** Opening Data extract block **

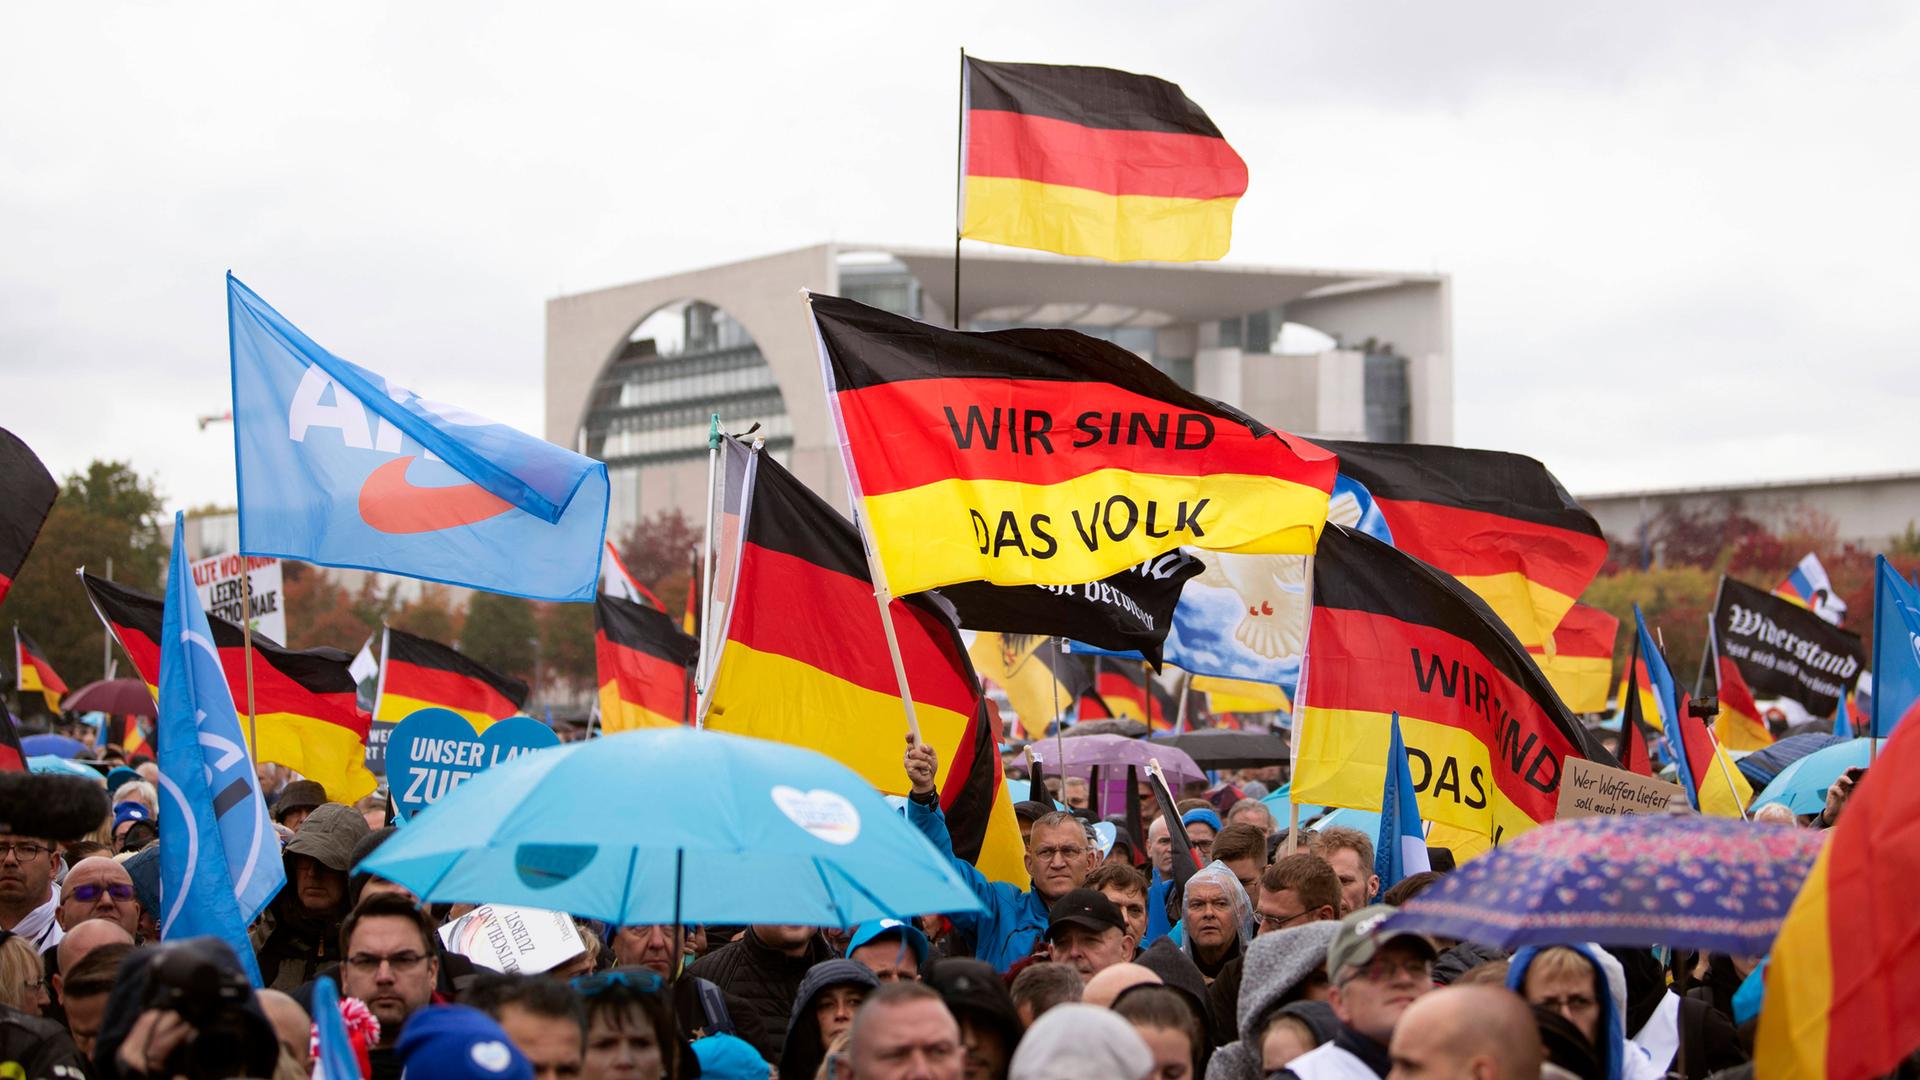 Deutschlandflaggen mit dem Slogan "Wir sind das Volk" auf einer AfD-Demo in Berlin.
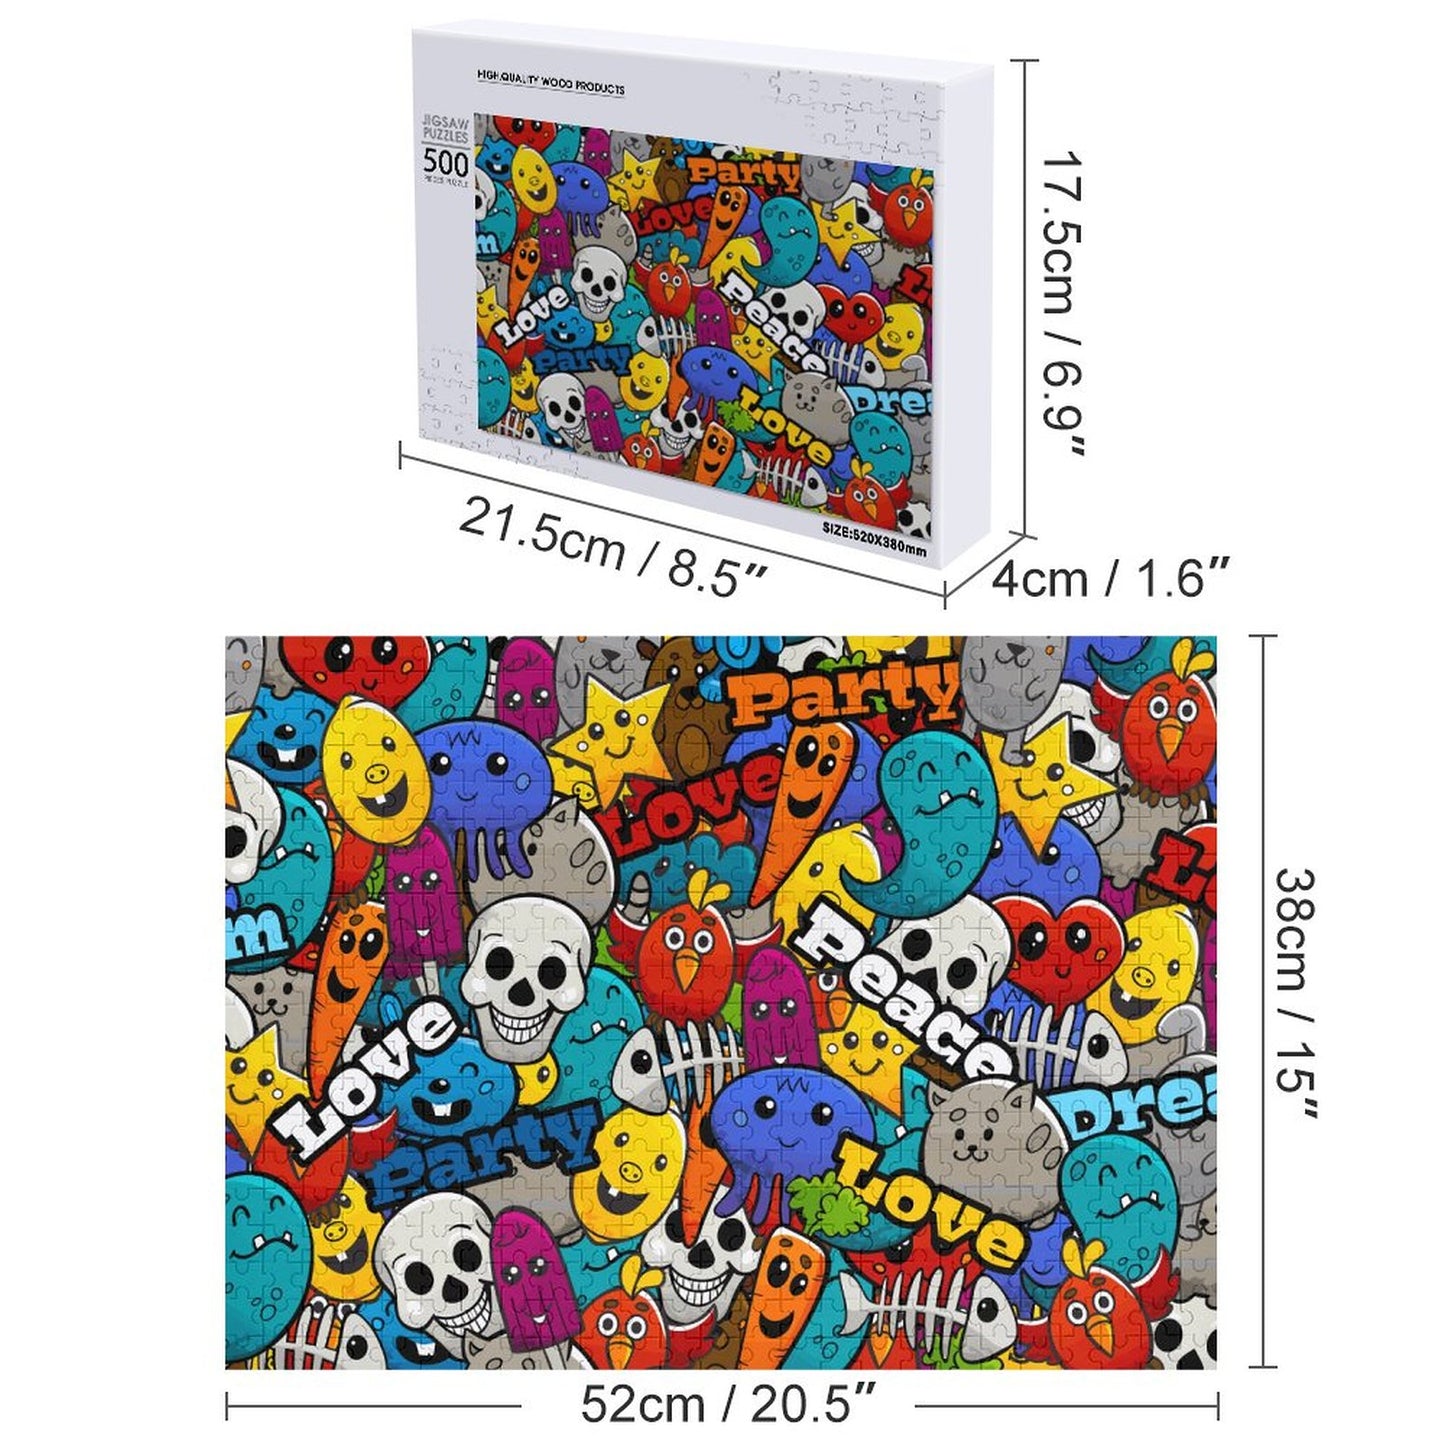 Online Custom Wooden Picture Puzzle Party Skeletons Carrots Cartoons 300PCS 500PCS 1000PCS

** Closing Data extract block **
** Opening Data extract block **

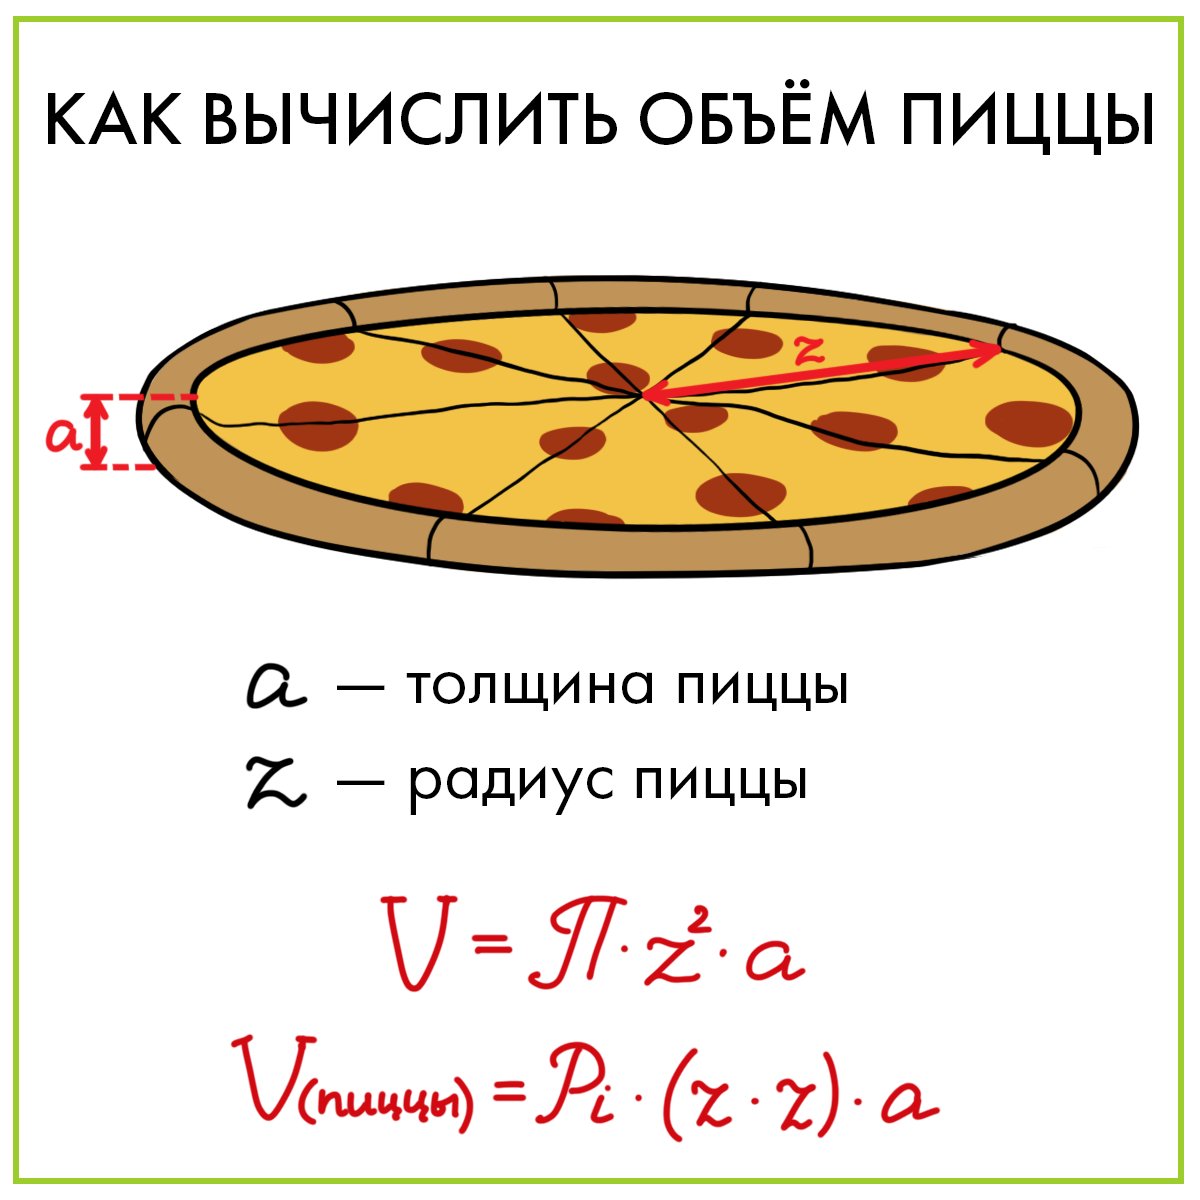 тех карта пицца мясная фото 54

** Closing Data extract block **

__What is required__
Reproduce, word for word, only the lines in the records above from the line with "Deutschlandflaggen mit dem" through the line with "Online Custom Wooden", including both ends; omit the pictures.

__Written response__
 Deutschlandflaggen mit dem Slogan "Wir sind das Volk" auf einer AfD-Demo in Berlin.
 Online Custom Wooden Picture Puzzle Party Skeletons Carrots Cartoons 300PCS 500PCS 1000PCS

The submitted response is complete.